1. Synthetic examples are designed to highlight the robustness and efficiency of proposed method. In one example, considering two criteria: dataset size and SNR. The QHMC-based algorithms are evaluated in an environment with a range of $0 - 20 %$ SNR, and results provided in Figures 1, 4, 12, 15 have shown that both soft and hard-constrained versions of proposed method tolerate the noise in the data, especially if it is less then $10 %$ . In addition, the methods are more tolerant when the dataset size increases. This part of the experiments for each synthetic example proved the robustness of the proposed method.

2. Additionally, the numerical results of synthetic examples include the execution times for when the SNR and dataset size increase in each example. The goal is to underscore the effectiveness of the proposed algorithm. Figures 2, 5, 13, 16 show the time advantages of the algorithms, especially for the soft-constrained versions.
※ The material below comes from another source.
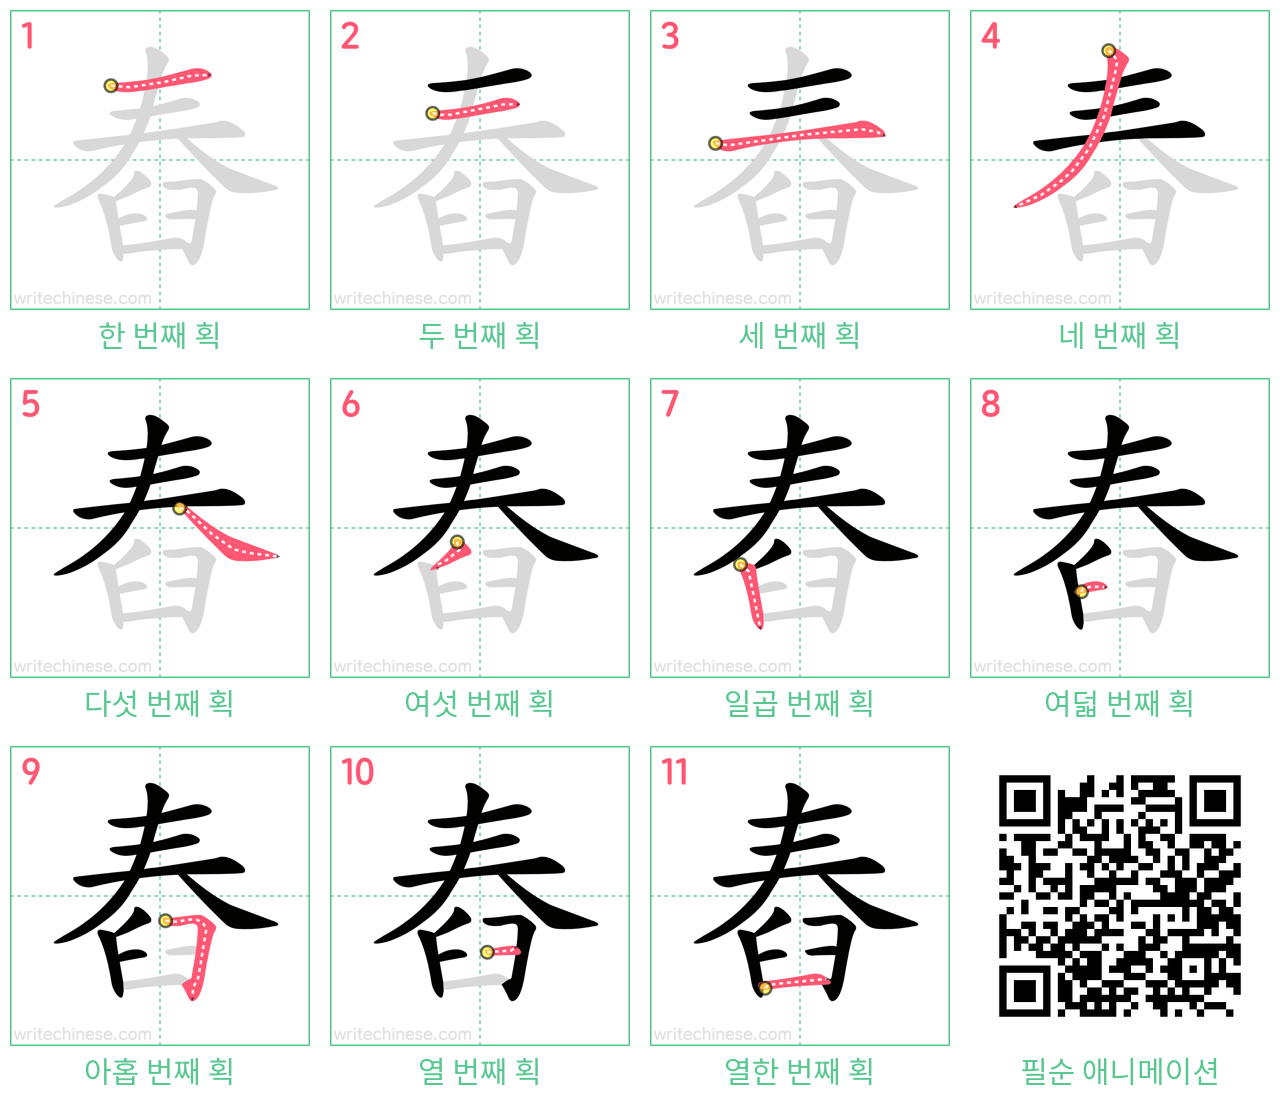 舂 step-by-step stroke order diagrams

3. The dimensions of synthetic examples are selected to verify that the robustness and efficiency of the algorithms remain for higher dimensions. For inequality-constrained scenarios, evaluations are performed on 2D and 10D problems, while for monotonicity-constrained algorithms evaluations are performed on 5D and 20D problems. The results have verified that the performance of proposed methods can maintain the accuracy for higher-dimensional cases in a relatively short amount of times.

4. The real-life applications are chosen to verify that the proposed method is promising to generalize different type of problems. The solute concentration example is a 2D problem with non-homogeneous structure, while heat transfer problem is a 3D problem that requires PDE solving. On the contrary of synthetic examples, in this set of experiments, the dataset size is fixed and there is no injected Gaussian noise in the data. We present a comprehensive comparison of all methods along with the truncated Gaussian algorithm. Step by step decrease in the error is presented in Figures 8, 9, where the success of all versions are verified.

5. The proposed method is a combination of QHMC algorithm and a probabilistic approach for phiysics-informed GP. QHMC training provides accuracy due to its broad state space exploration, while probabilistic approach lowers the variance. In each case, we start with the experiments conducted with fixed dataset size and zero SNR to demonstrate the superiority of QHMC over HMC. The HMC versions of the proposed methods are implemented and compared to the corresponding QHMC algorithms in Tables 1, 3–6. The findings for every single case confirm that QHMC enhances the accuracy, robustness and efficiency. After demonstrating the superiority of QHMC method, a comprehensive evaluation is performed for QHMC-based methods in different scenarios. Again, for the sake of verification of efficiency of soft-constrained QHMC, we implemented the hard constrained versions by choosing the violation probability as 0.005. The findings indicate that the soft-constrained approaches reduce computational expenses while maintaining accuracy comparable to that of the hard-constrained counterparts. Releasing the constraints by a probabilistic sense has brought efficiency, while decreasing the posterior variance.

6. We should also note that while the numerical results indicate that the current approach is a robust and efficient QHMC algorithm, the impact of the probability of constraint violation should be further investigated. The experiments were conducted with a relatively low probability of releasing the constraints (around $5 %$ ) and the accuracy was maintained under these conditions. However, allowing for more violations may pose limitations. In addition, the performance of the proposed approach on different type of constrained optimization problems, including those involving equality constraints, can be more challenging. Addressing these challenges can be both a limitation and a potential future work for QHMC-based, physics-informed GP regression.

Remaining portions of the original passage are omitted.